Khamenei’s Iran Elections Impasse – OpEd

Less than two months to Iran’s presidential elections and the regime has yet to officially announce its candidates for the mock vote that will bring Iran’s next president to power. But this isn’t the only thing that sets this year’s Iran elections apart. An unprecedented number of Iranians, on social media, and during street protests, have called for a boycott of the elections. Iran’s state-run media are even calling the upcoming June 18 Iran elections, “the strangest presidential elections”.

On Sunday, the regime did something else that added to the strangeness of Iran’s presidential elections. Two hundred and twenty members of parliament, in a joint letter, asked Iran’s Chief Justice to run for president. Ebrahim Raisi is the hard-liners’ obvious choice for president. But more importantly, he is the only chance the regime’s Supreme Leader has to consolidate his power. Many believe that Khamenei was actually behind the MP’s letter to Raisi.

If Khamenei succeeds in making Raisi president, that would mean a lot more suppression and brutality, especially against anti-regime protests. We have to remember that Raisi ran for president and lost during the last round of elections because of his involvement in the mass killing of over 30,000 political prisoners in the late 1980s. And since his installment as Chief Justice, human rights violations and lengthy prison terms, lashes, and torture against political prisoners, dissidents, and religious minorities have increased.
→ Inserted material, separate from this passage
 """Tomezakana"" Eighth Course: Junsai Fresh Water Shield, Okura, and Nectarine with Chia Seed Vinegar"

And this is exactly the kind of person that Khamenei needs at a time when millions of Iranians have lost their patience with the regime. And especially since they blame Khamenei for the hundreds of thousands of deaths and many more COVID-19 infections after he came on state TV and announced a ban on US and UK-made vaccines. Many even believe Khamenei’s regime intentionally spread COVID-19 to prevent protests. After all, when everyone is worried about COVID-19 and the deaths of their loved ones, they won’t have time to think about anything else. This tactic has actually worked for now.
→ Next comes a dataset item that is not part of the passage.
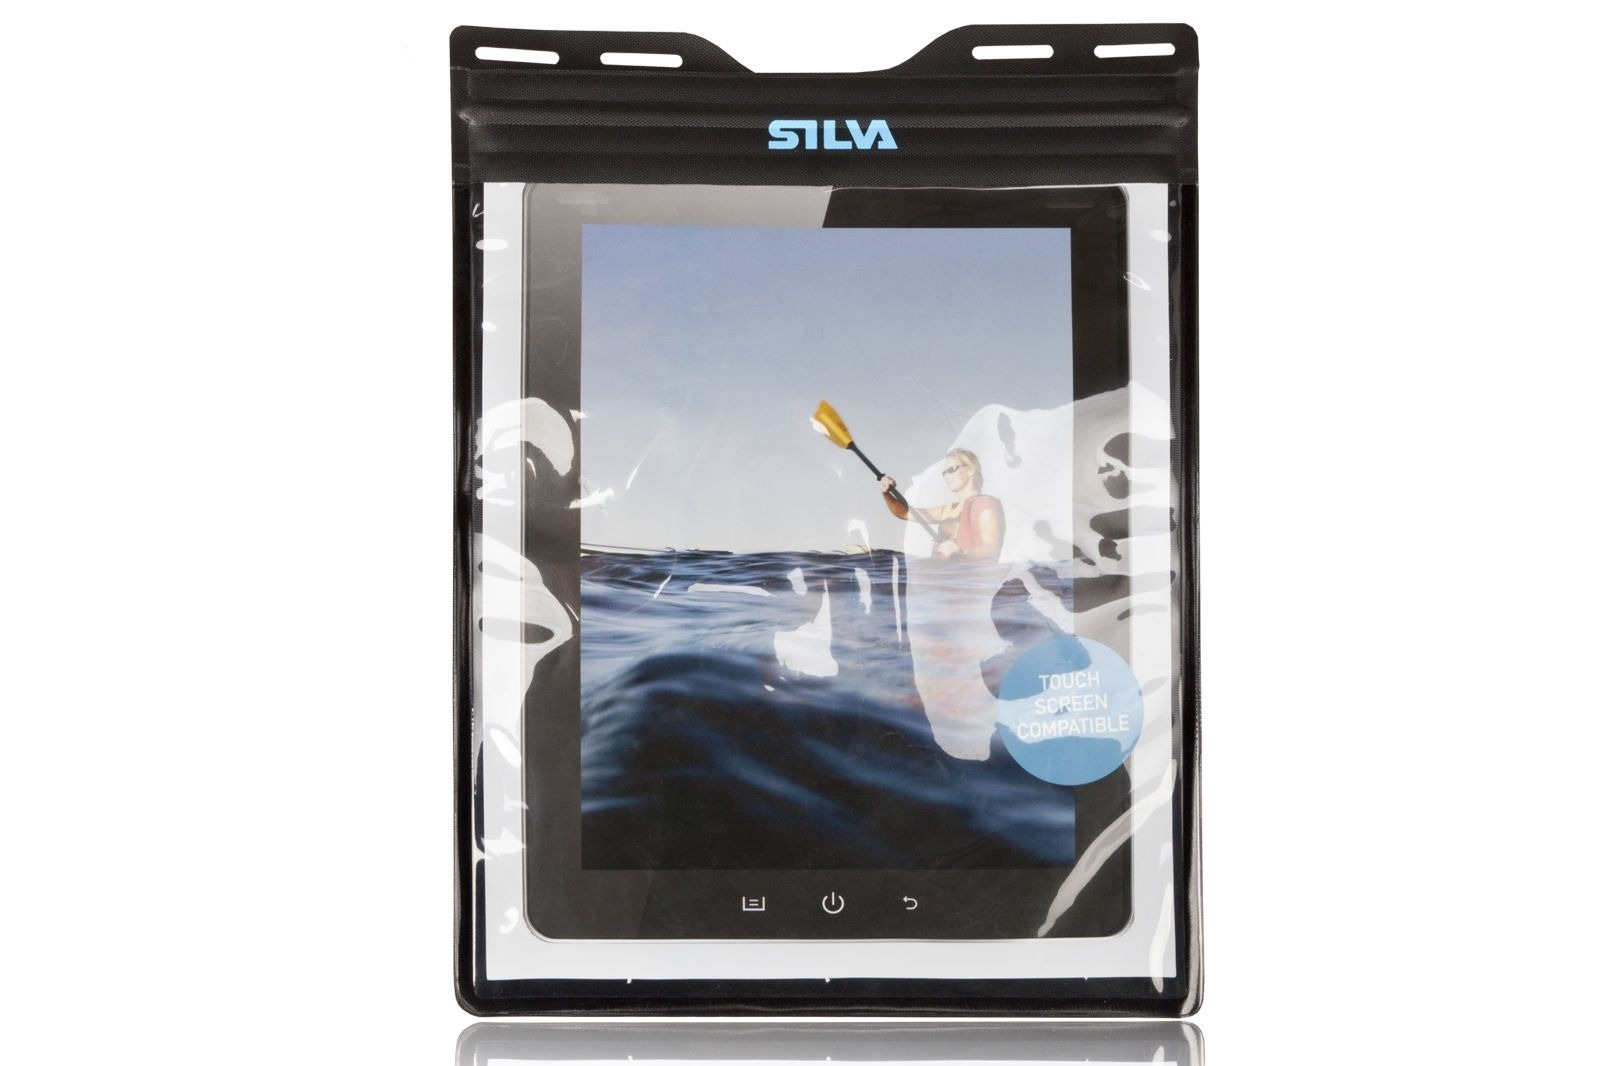 Image of Etui wodoodporne na tablet silva dry case l

But in the long run, the regime’s gross negligence in handling the pandemic will only add fire to the already boiling anger of ordinary Iranians who have plunged into poverty because of the regime’s corruption and mismanagement.

In the end, we have to see whether Khamenei is powerful enough to install his choice of president. After all, the nationwide protests in 2018 and 2019, when thousands chanted for Khamenei’s downfall, diminished his strength to a large extent. And most recently, even current president Rouhani had the audacity to indirectly criticize him for his Nowruz speech when he spelled out the characteristics of Iran’s future president and who should run in Iran elections.

Whoever comes out of the ballot box, one thing is certain. Nothing can stop the millions of seething Iranians from taking their country back from the ruling clerics.